El acompañamiento es igualmente importante, aunque sutil. Un buen Albariño fresquito, que sea el cómplice perfecto de este idilio marino, con su acidez equilibrada y sus notas frutales y salinas. La compañía de amigos o familiares que compartan la misma devoción por la buena mesa, el ambiente relajado de un chiringuito con vistas a la ría o la intimidad de su propio hogar. No hay mejor banda sonora que el chasquido de las pinzas, el sorbido de los jugos y las risas compartidas. Cada pieza es una pequeña obra de arte, una oda a la naturaleza, y cada momento de su consumo, un instante para saborear con calma, sin prisas, permitiendo que la salinidad, la textura y el dulzor de la carne inunden todos los sentidos.
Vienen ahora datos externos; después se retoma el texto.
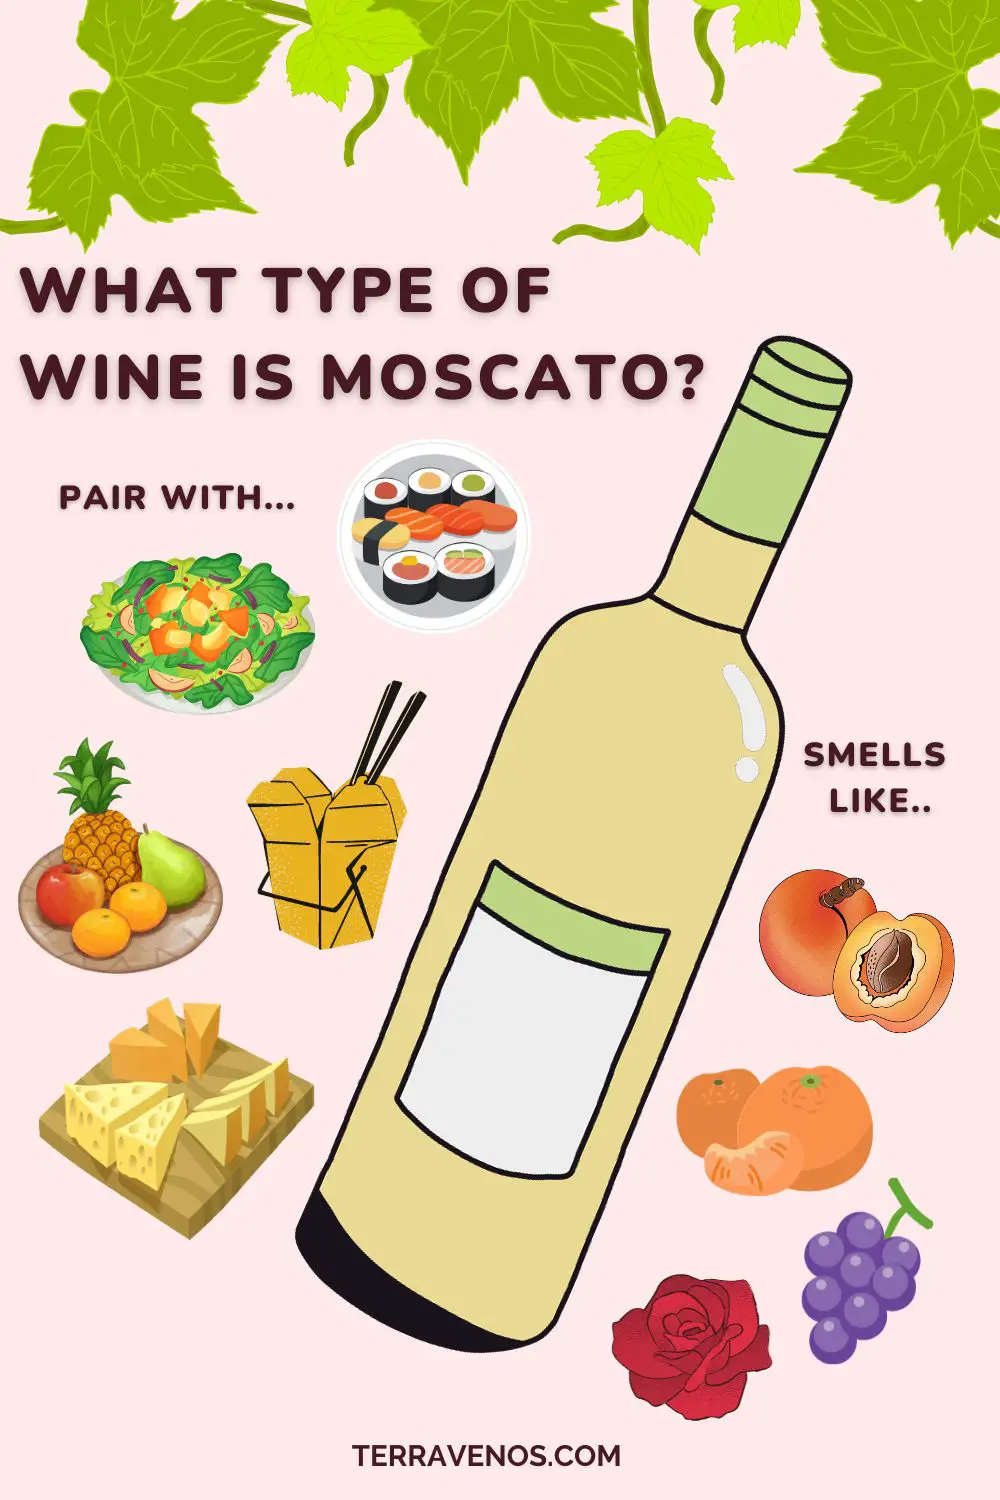 what type of wine is moscaot - moscato wine pairing and flavor infographic
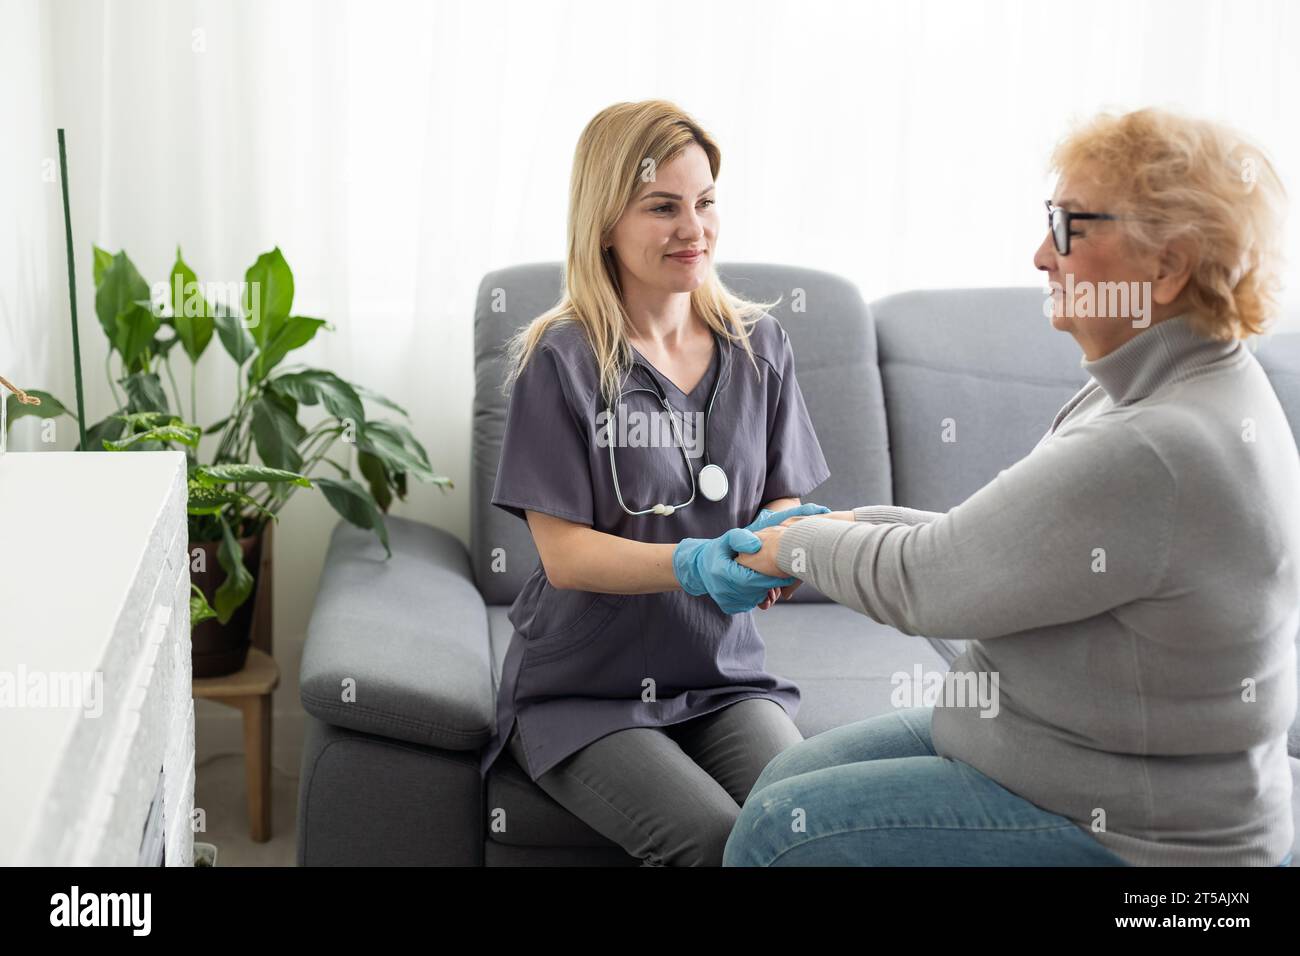 Caring young nurse doctor carer helping holding hands of happy disabled handicapped or injured old adult elder woman having disability health problem Stock Photo

Es un placer que va más allá de lo gastronómico, una experiencia que conecta con la identidad de una tierra y de sus gentes.
La maestría radica en comprender que la frescura es el ingrediente principal, el que dictamina la verdadera magia de estos manjares. Una vez que se ha seleccionado con el criterio adecuado, y se ha preparado con la mínima intervención, el siguiente paso es entregarse al disfrute sin complejos. No hay necesidad de formalismos excesivos; de hecho, la informalidad suele realzar la experiencia, permitiendo que la autenticidad del producto brille con luz propia. El aroma que se desprende al abrir un buey de mar recién cocido o la delicadeza de una ostra al deslizarse por la garganta son momentos que se graban en la memoria gustativa, convirtiéndose en recuerdos imborrables que invitan a repetir la experiencia una y otra vez. Se trata de un viaje sensorial completo, un deleite que satisface tanto el paladar como el alma, dejando una impronta duradera de lo que significa deleitarse con la verdadera esencia del mar.